新井宿まちづくりブログにて連載中の「お女郎縁起考」を転載していきます。最新話はブログで、それまでの話はここでご覧ください。月イチで更新していきます。では。
お女郎縁起考
神根、安行、鳩ケ谷にはいろんな伝承、伝説があります。仏教説話的なものや現実離れした話もありますが、中にはこれは事実に基づいた話ではないか?という伝承・伝説があります。昔、人々に強く記憶される事件や事故があった。それが語り継がれるうちに脚色されていったのではないかと思えます。
中でもお女郎仏は実際にあった事件でありながら、主人公の女郎について当時も今も全く分からないという不思議な話です。寛政2年(1790年)石神の土手山という林の中で若い娘が行倒れていた。村人の介抱にもかかわらず娘は5日後に息を引き取った。うわごとを言って村人の問いかけにも応えられず、身元を示すものは一切なく、しかし、あまりにも美しい容姿から「女郎」ではないか?とか、大奥女中ではないか?はてはとある大名家の御落胤ではないか?などと、さまざま噂されました。

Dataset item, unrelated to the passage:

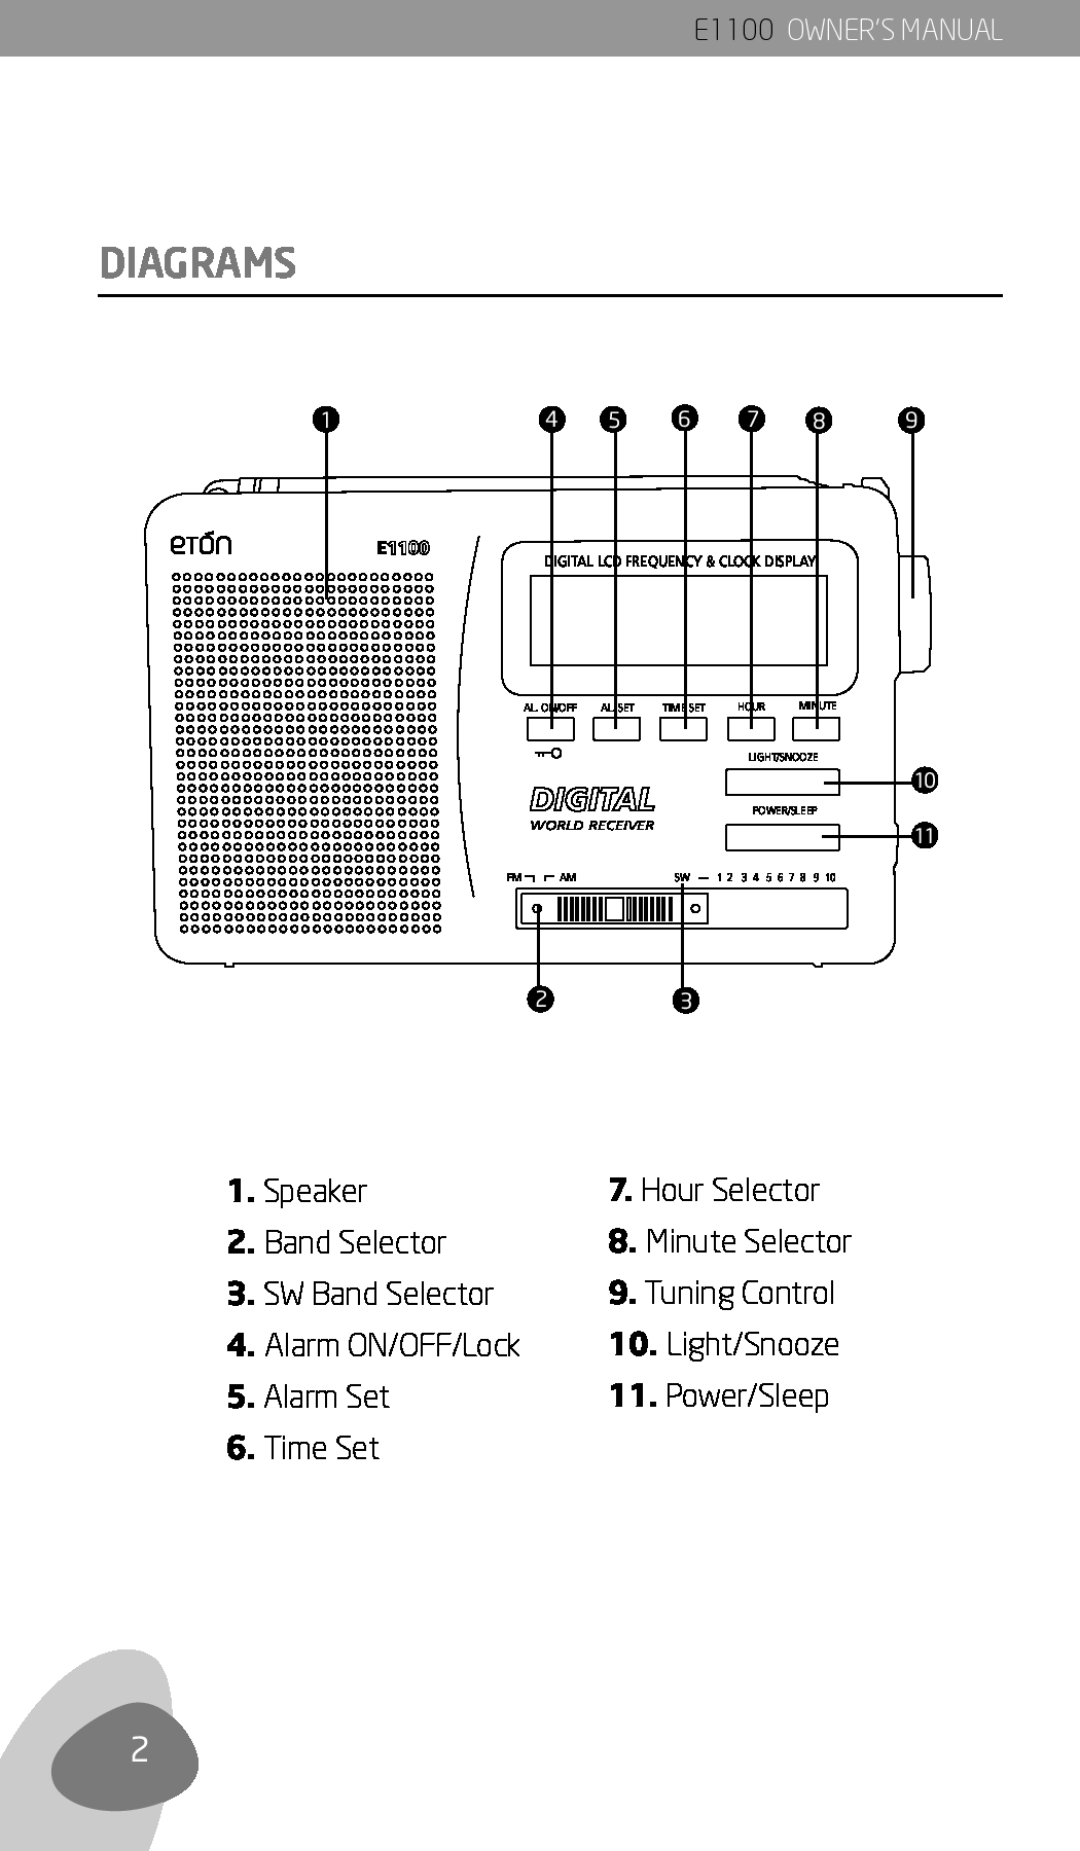 Eton E1100 Diagrams, Speaker, Hour Selector, SW Band Selector, Alarm ON/OFF/Lock, Alarm Set, Minute Selector

はたしてこのお女郎、何者だったのか?この連載ではお女郎の正体、どこから来てどこに行こうとしたのか?なぜここで行倒れてしまったのか?これを推測し仮説を立てて参ります。ほとんど何の手がかりもないので、すべてが僕の想像にすぎないのですが、巷間伝わる「お女郎様」ではなく、そこに生きた一人の娘として血肉を通わせようと思います。その時代の空気、親兄弟、生活した場所、そして感じたことなどを再現してみたいです。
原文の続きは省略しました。